The incident is likely to lead to serious questions for ITV chief executive Carolyn McCall. ITV said the episode featuring Mr Dymond

would be submitted for a review due to the ‘seriousnes­s of this event’. A spokesman said: ‘Everyone at ITV and The Jeremy Kyle Show is shocked and saddened at the news of the death of a participan­t in the show a week after the recording of the episode they featured in and our thoughts are with their family and friends.

‘ITV will not screen the episode in which they featured. Given the seriousnes­s of this event, ITV has also decided to suspend both filming and broadcasti­ng of The Jeremy Kyle Show with immediate effect in order to give it time to conduct a review of this episode of the show.

‘The Jeremy Kyle Show has significan­t and detailed duty of care processes in place for contributo­rs pre-, during and post- show which have been built up over 14 years. We are reviewing this episode and not making any further comment until this review is complete.’

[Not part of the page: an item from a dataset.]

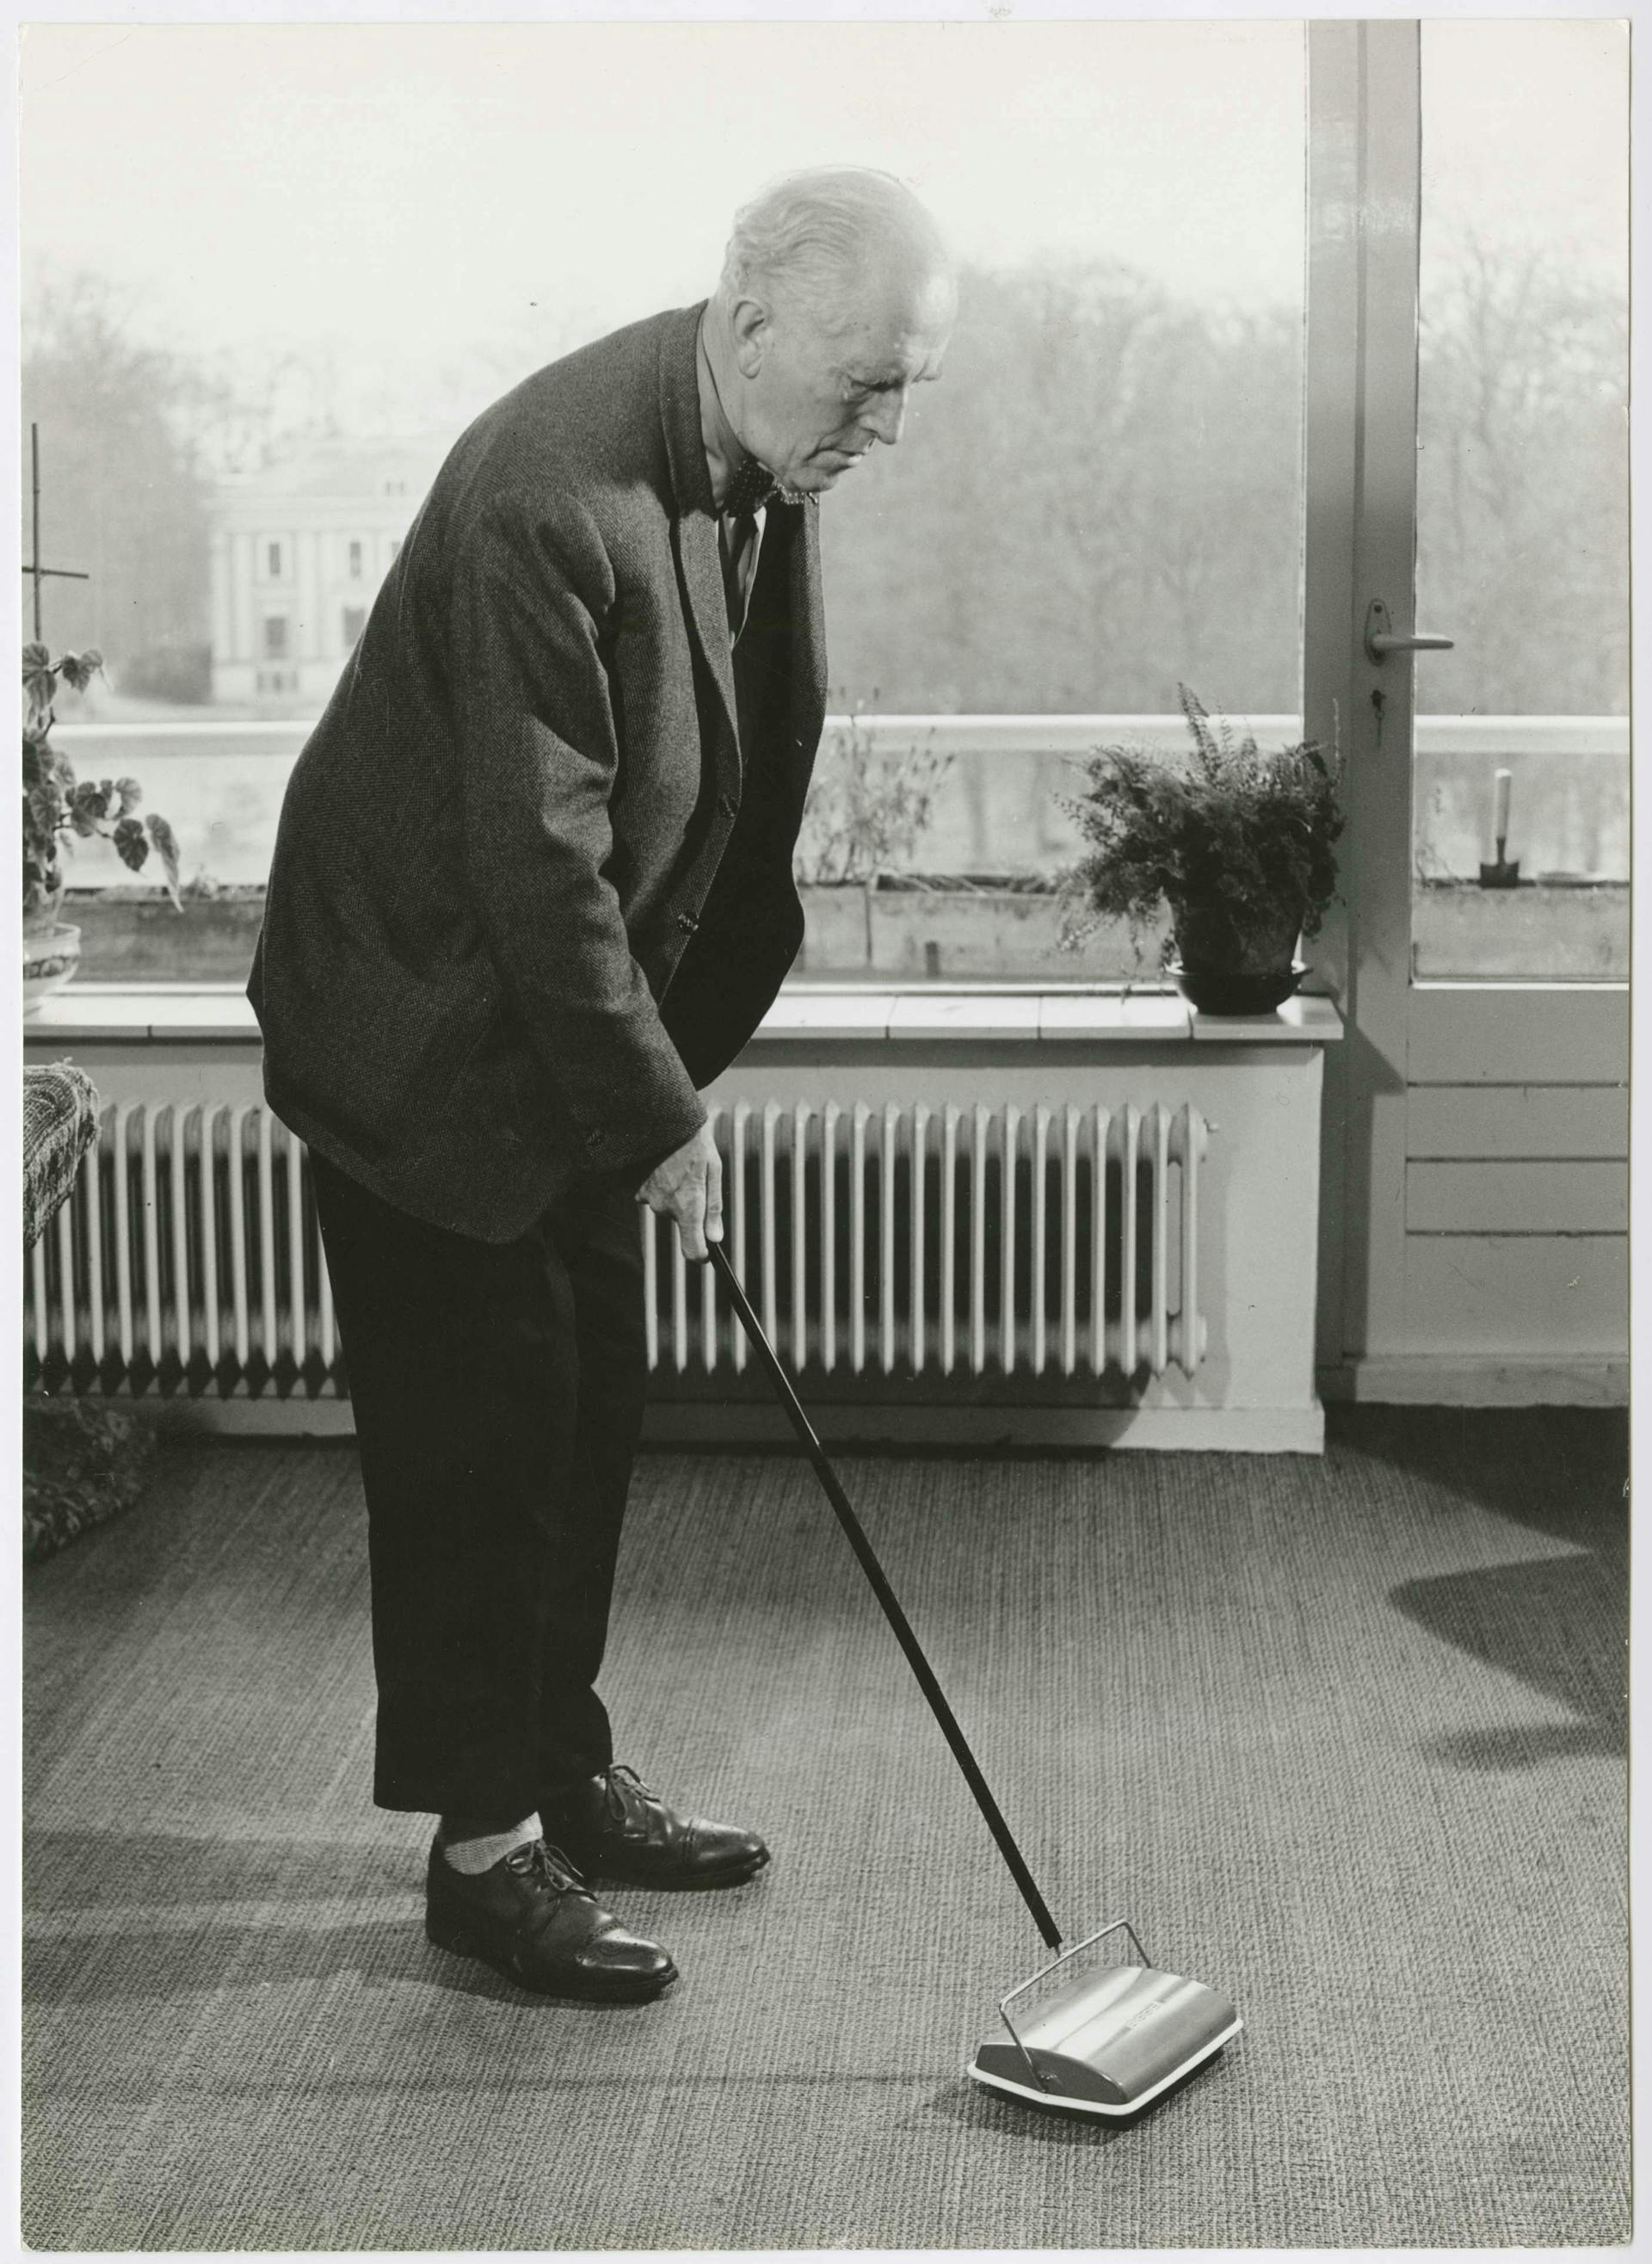  Modelwoning bejaardenwoning, ca. 1965. Opdrachtgever: Stichting Goed Wonen. Collectie Het Nieuwe Instituut, SGWO f3-1
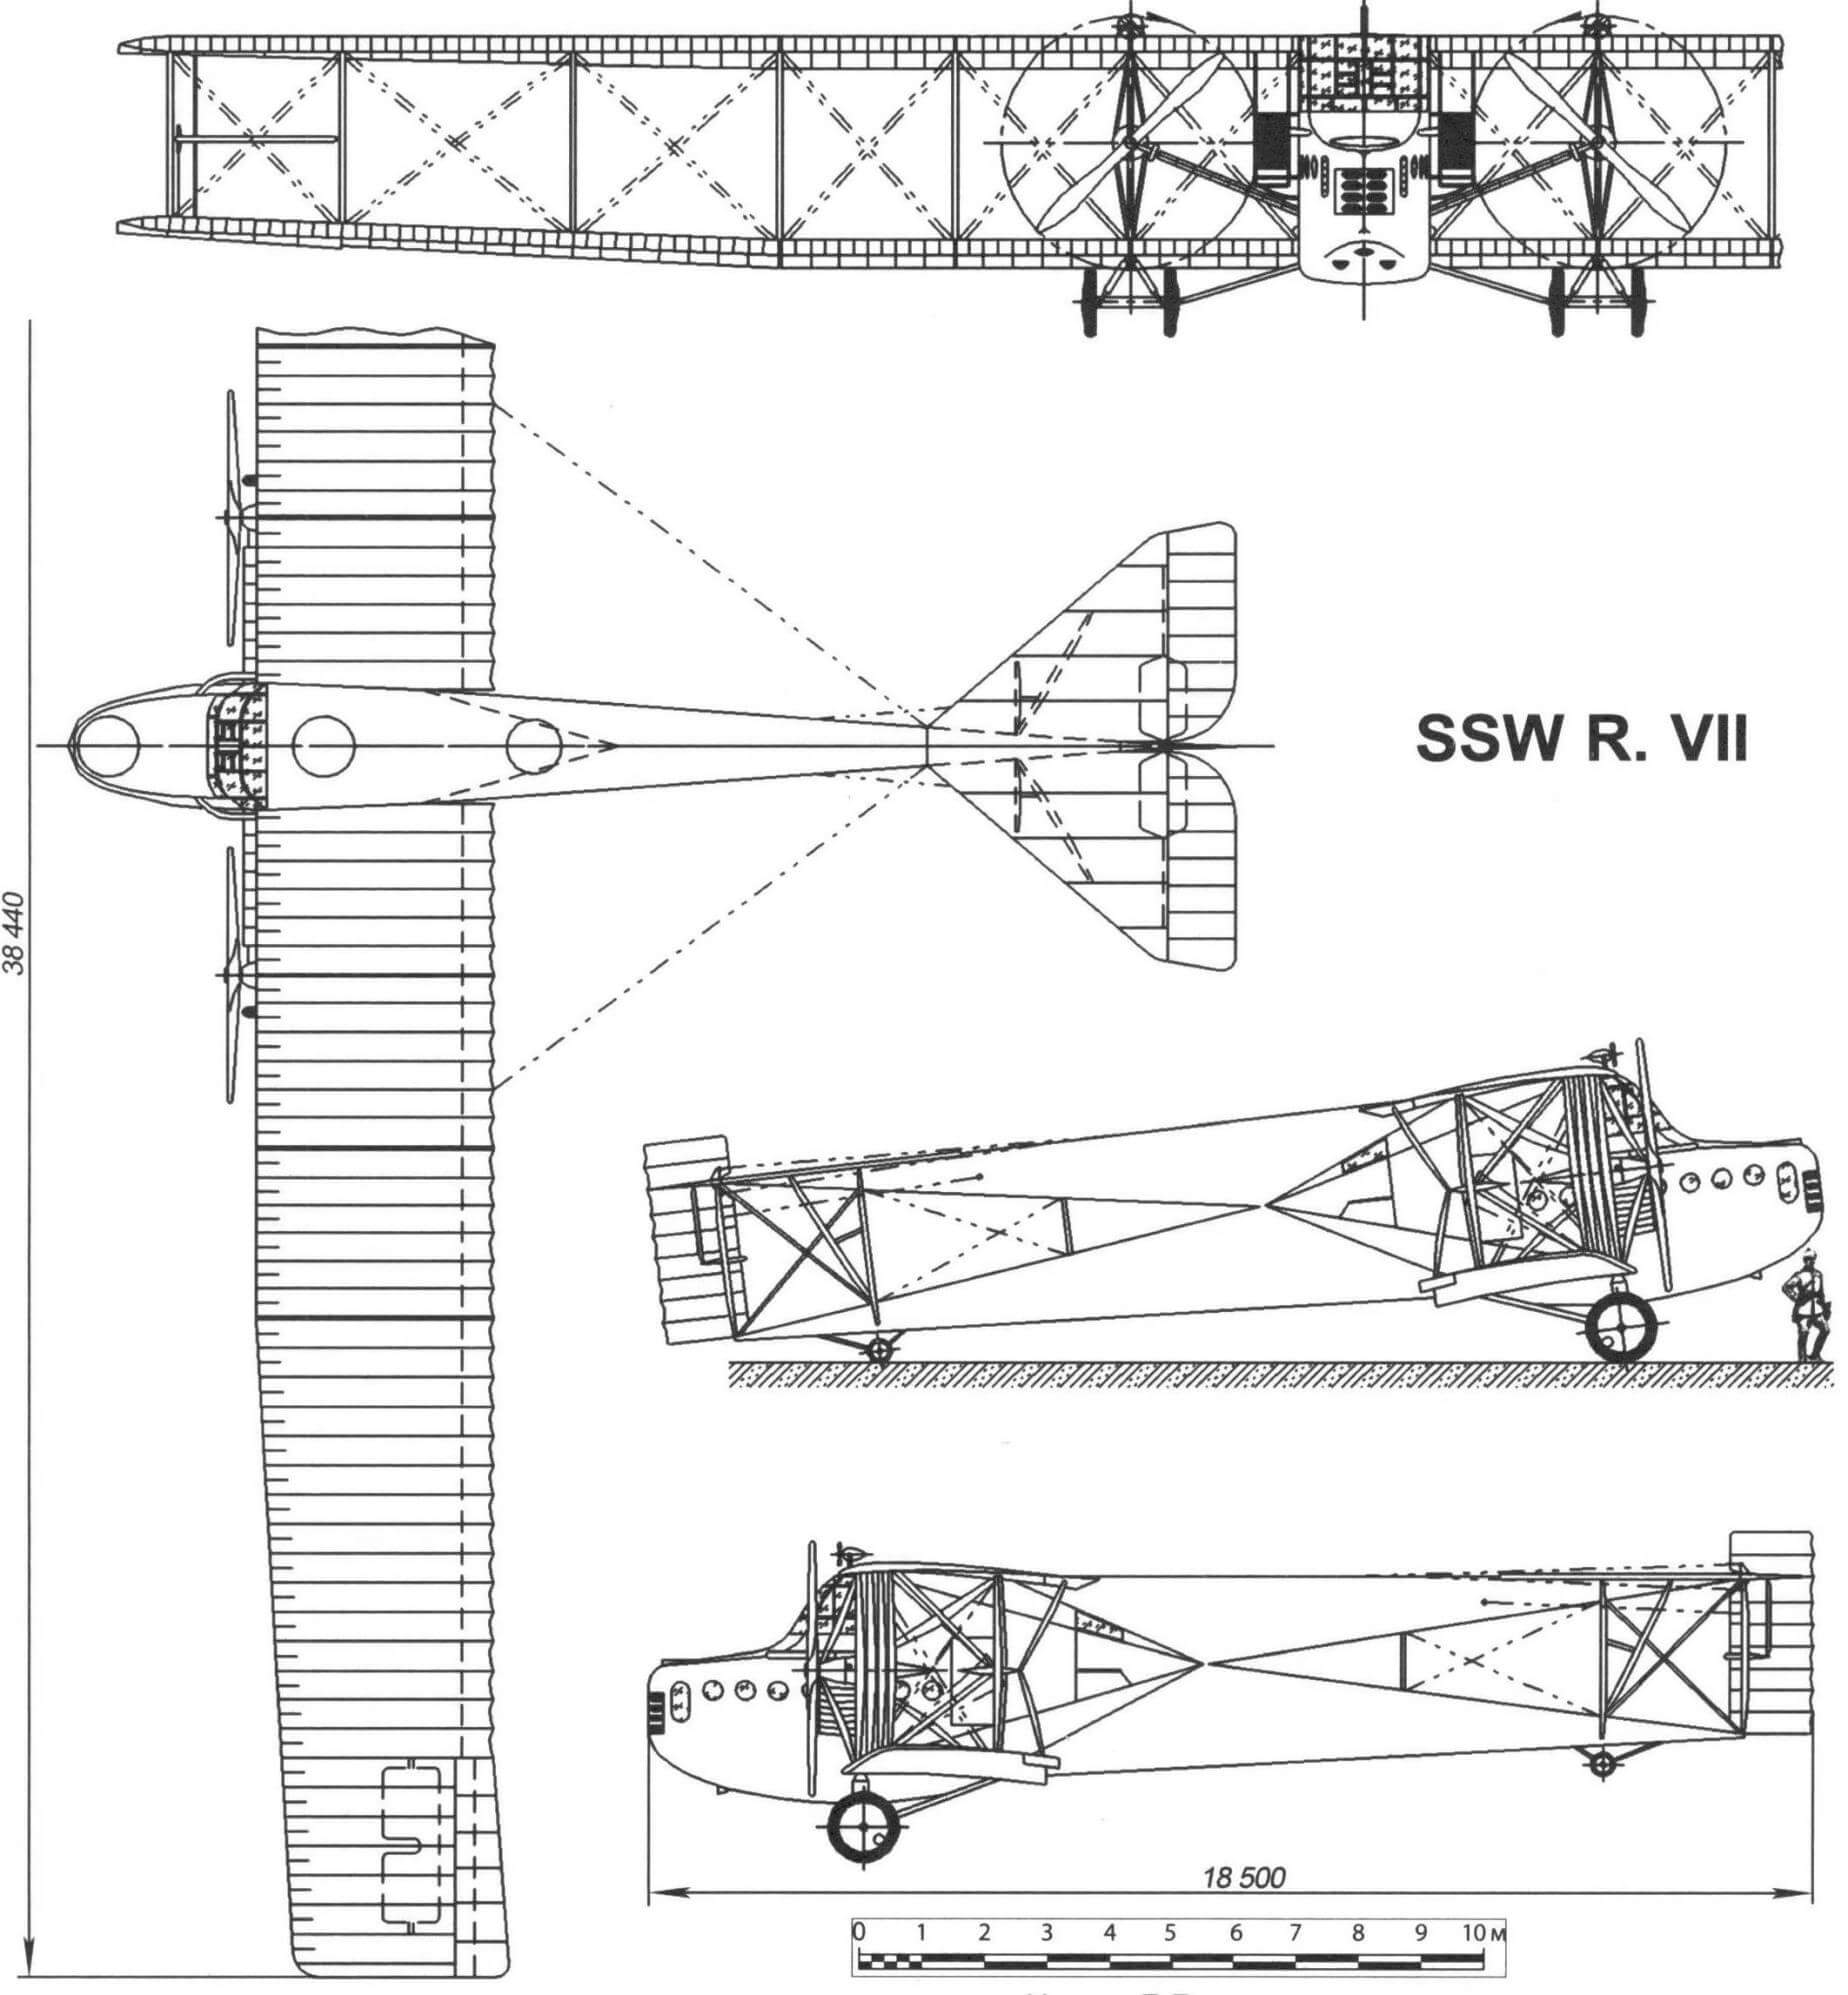 SSW R. VII

A source added that Mr Dymond was ‘calm and collected’ when he left the show and that he had not been ordered off the stage.

A spokesman from Hampshire Police said last night: ‘I can confirm that we were called at 1.24pm on Thursday 9 May following the discovery of a body of a man in his 60s at an address in Portsmouth.

‘The death is not being treated as suspicious and a file is being prepared for the coroner.’